А Москва всегда требует много денег! Сафрон вспомнил про музей своего деда, Пушкинский, и отправился туда. Пообщался там с умными людьми на всех уровнях, его протестировали все, кто должен был отметить его познания в изобразительном искусстве, и приняли экскурсоводом на постоянной основе. В выходные и праздничные дни, с открытия музея и до закрытия, он стал водить группы и персональных посетителей, повышая их культурный уровень. Жить стало лучше, как говорил товарищ Сталин, но пока не веселее! А вот когда он огляделся в музее, познакомился со всеми, и его приняли в экспертную комиссию, которую тоже организовал при музее какой-то толковый «Егорий Иванович», – жить стало и веселее!

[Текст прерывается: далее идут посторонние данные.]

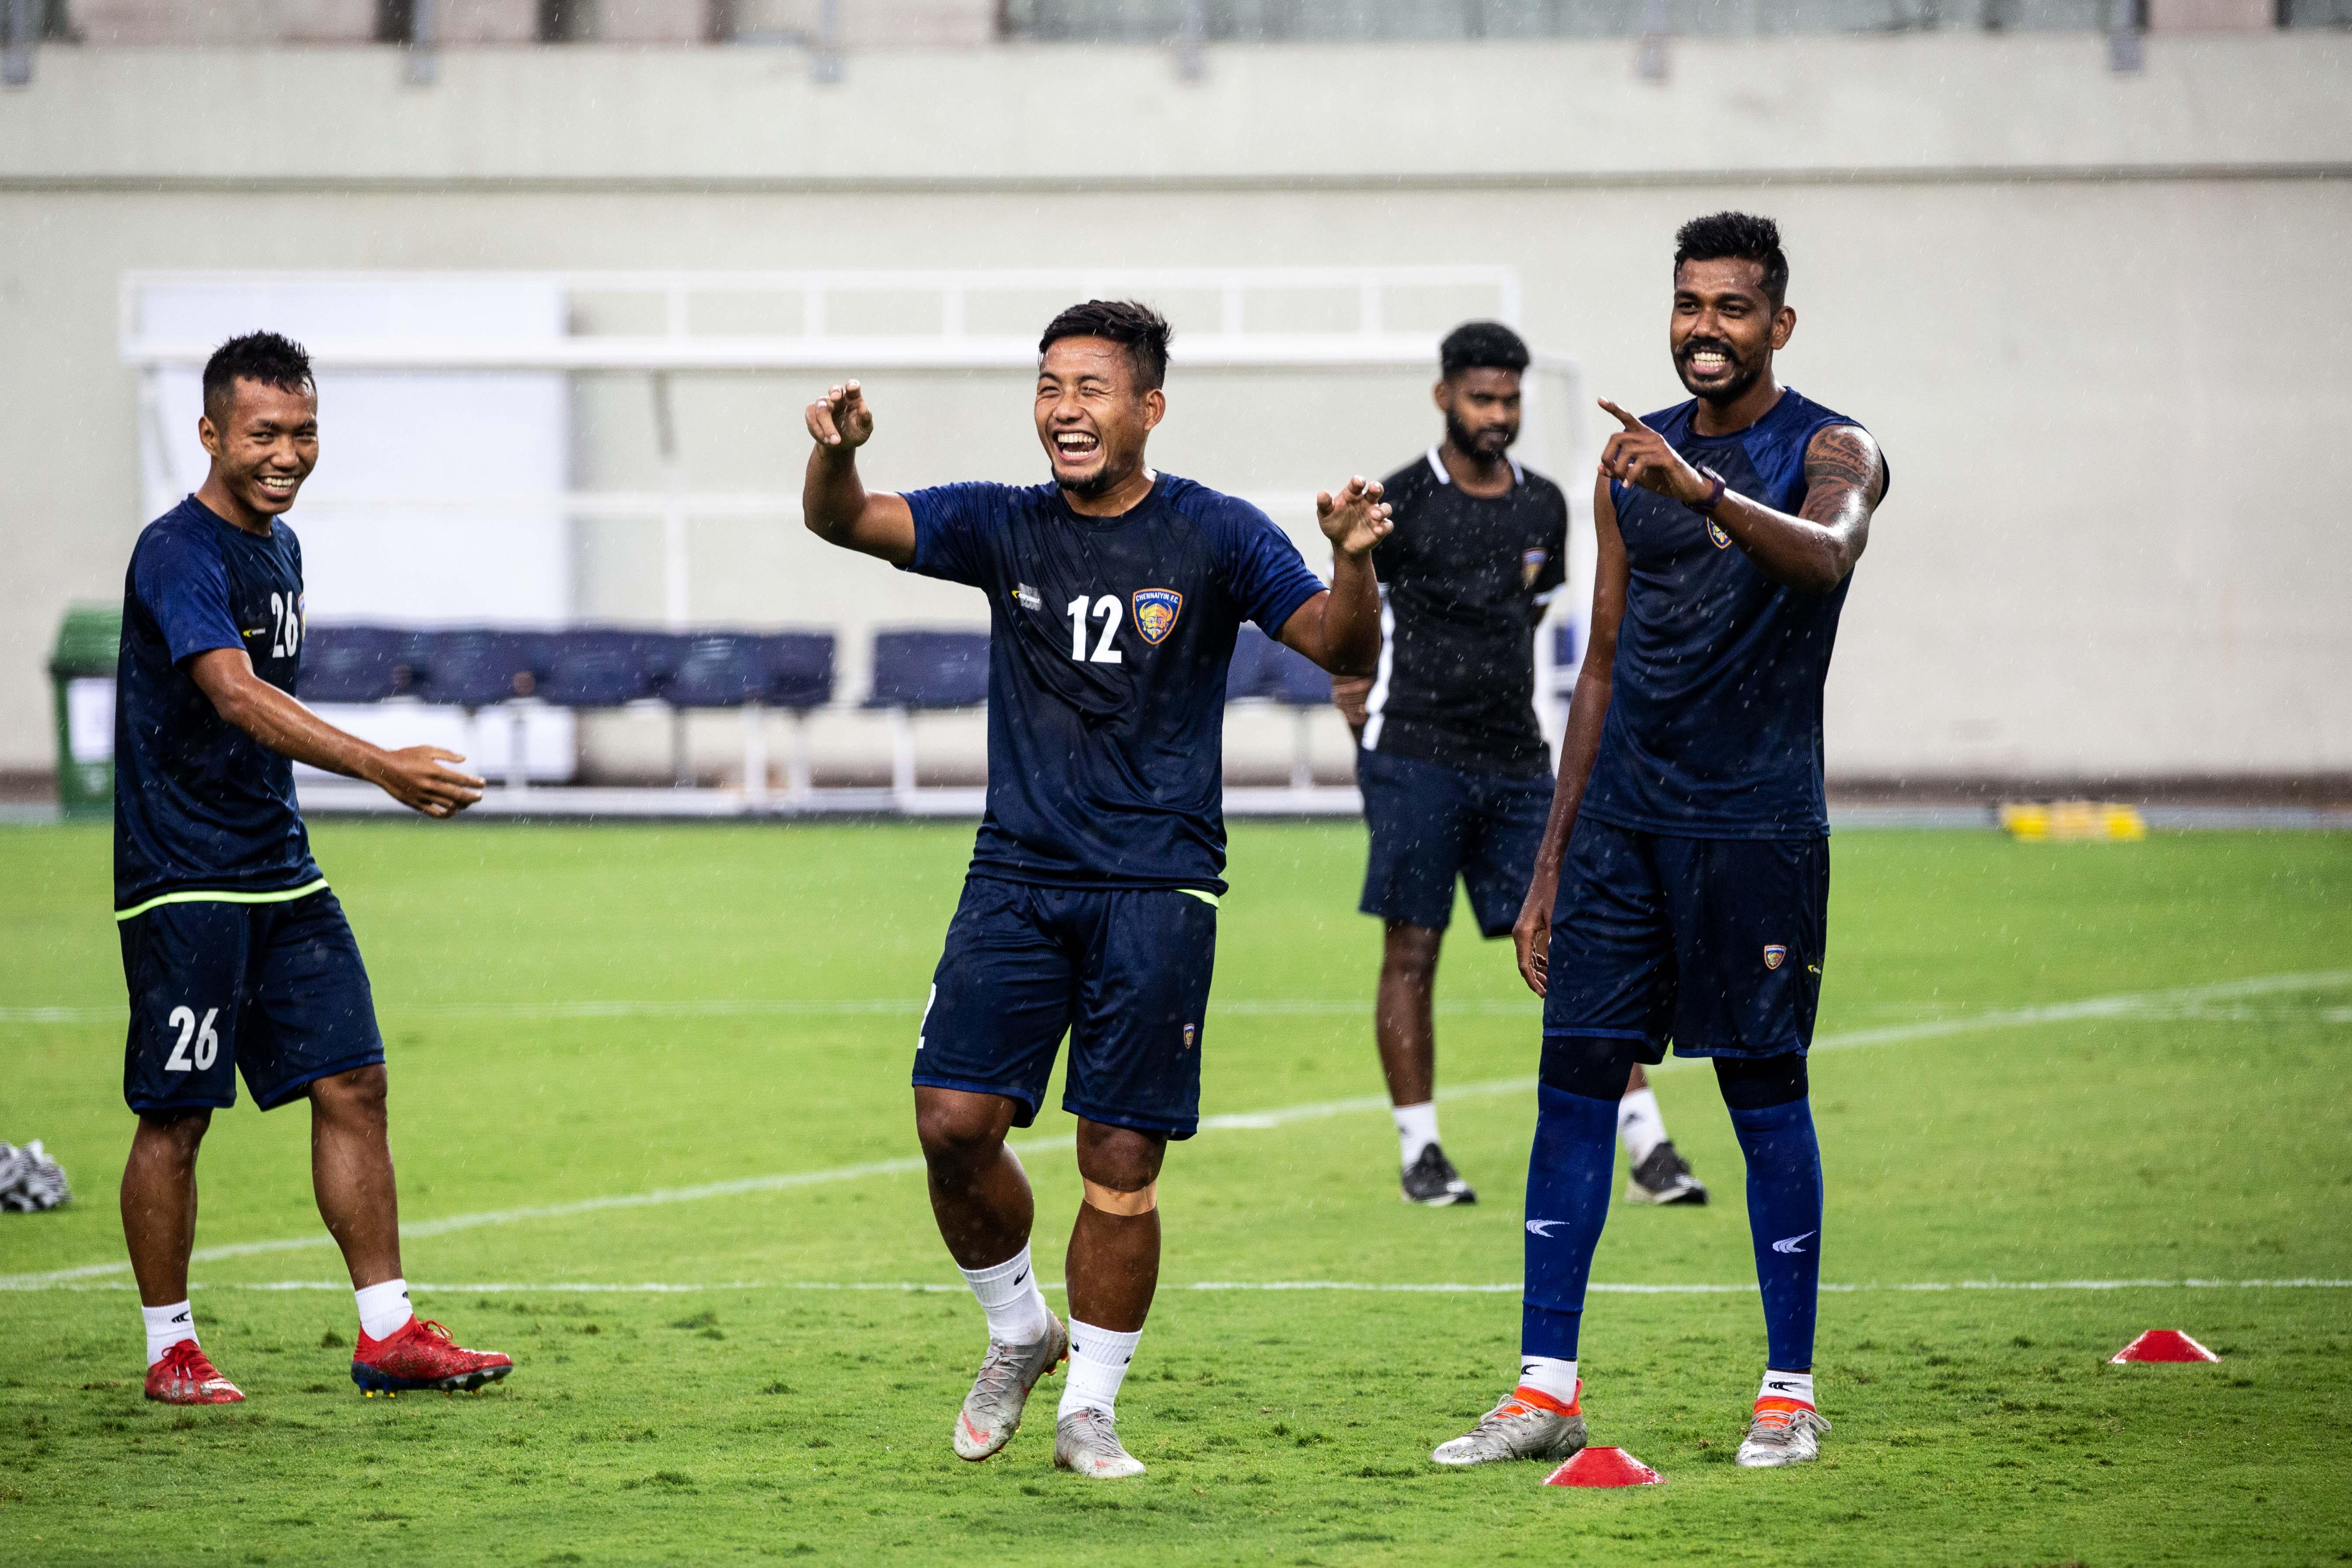 Chennaiyin FC AFC Cup 2019

Повылезли, как тараканы, новые деловые люди из торговли, из народившейся партийной и профсоюзной номенклатуры, руководящие работники разного калибра, какие-то цеховики, фарцовщики и т. д., стали приносить на экспертизу разной ценности произведения искусства. И хоть их по-прежнему сажали в тюрьмы и ставили к стенке, они продолжали нести и нести их, откапывая, неизвестно где, порой уникальные экспонаты. Этот факт и позволил приподняться нашему нищему студенту на новую ступень благополучия. И как когда-то фронтовики спасли от голода его родителей и его самого в Тобольском музее, так и теперь Сафрон был благодарен вечной тяге российского народа к прекрасному – к произведениям искусства. Он уже мог себе позволить после закрытия музея сводить симпатичную любительницу изящного в недорогой московский ресторан, а позже и в самые дорогие – «Метрополь», «Арагви», «Националь», «Интурист» и другие в центре. Стал очень элегантно и дорого одеваться, делать красивые стрижки, пользоваться мужским французским парфюмом и даже снял отдельную комнату для проживания недалеко от консерватории.

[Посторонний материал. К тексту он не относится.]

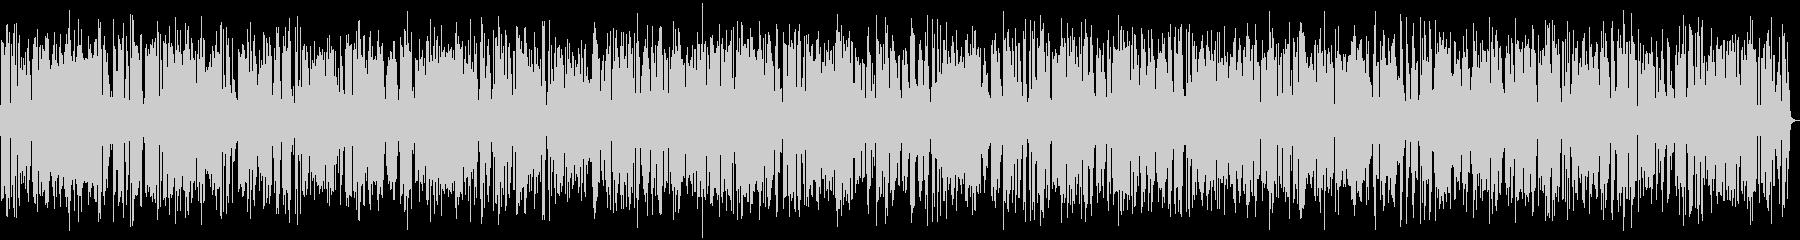 夜のジャズバー風ジャズピアノトリオ17分の未再生の波形

Как ни странно, учебе все это не мешало. Его педагог по вокалу, Карлос Диего де Сегадо-и-Марини, вывезенный из Испании перед войной подростком, которого в консерватории, естественно, все звали Папой Карло, хвалил Сафрона и говорил с милым акцентом:

– Сафон, мучачо, почему вы знаете итальянский язык лучше меня? Откуда вы родом, Сафон?

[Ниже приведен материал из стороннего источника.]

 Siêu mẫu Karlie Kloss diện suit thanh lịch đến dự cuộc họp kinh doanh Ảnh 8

– Из сибирского города Тобольска, в который проклятый царизм сослал Достоевского, – с улыбкой отвечал тот. – У нас там все говорят на разных языках мира и на русском тоже немного.

– Это потрясающе! Услышать чистейший итальянский, да еще в неаполитанском диалекте! – восхищался Папа Карло, даря всем свою лучезарную испанскую улыбку.

Как-то раз, после своего урока, Папа Карло, подойдя к Сафрону, взял его за руку и проговорил негромко, глядя из-под черных кудрявых бровей: «Вам, мачо Сафон, с вашим мощным, сильным и одновременно мягким, нежным голосом, откроют двери все лучшие театры мира, как Федору Шаляпину. Но сначала – Большой».

Как на ладошке, выложил Карлос Диего де Сегадо-и-Марини всю артистическую судьбу Сафрона. После этого к третьему курсу Сафрон окончательно отказался от композиторства и скрипки, погрузившись целиком в вокальное мастерство. После четвертого курса он пел уже весь богатый репертуар Большого театра для баритона, и ему на экзаменах аплодировала стоя битком набитая аудитория, включая преподавателей консерватории. А на пятом курсе Сафрон уже совмещал учебу с работой в этом знаменитейшем и достойном мировой славы театре.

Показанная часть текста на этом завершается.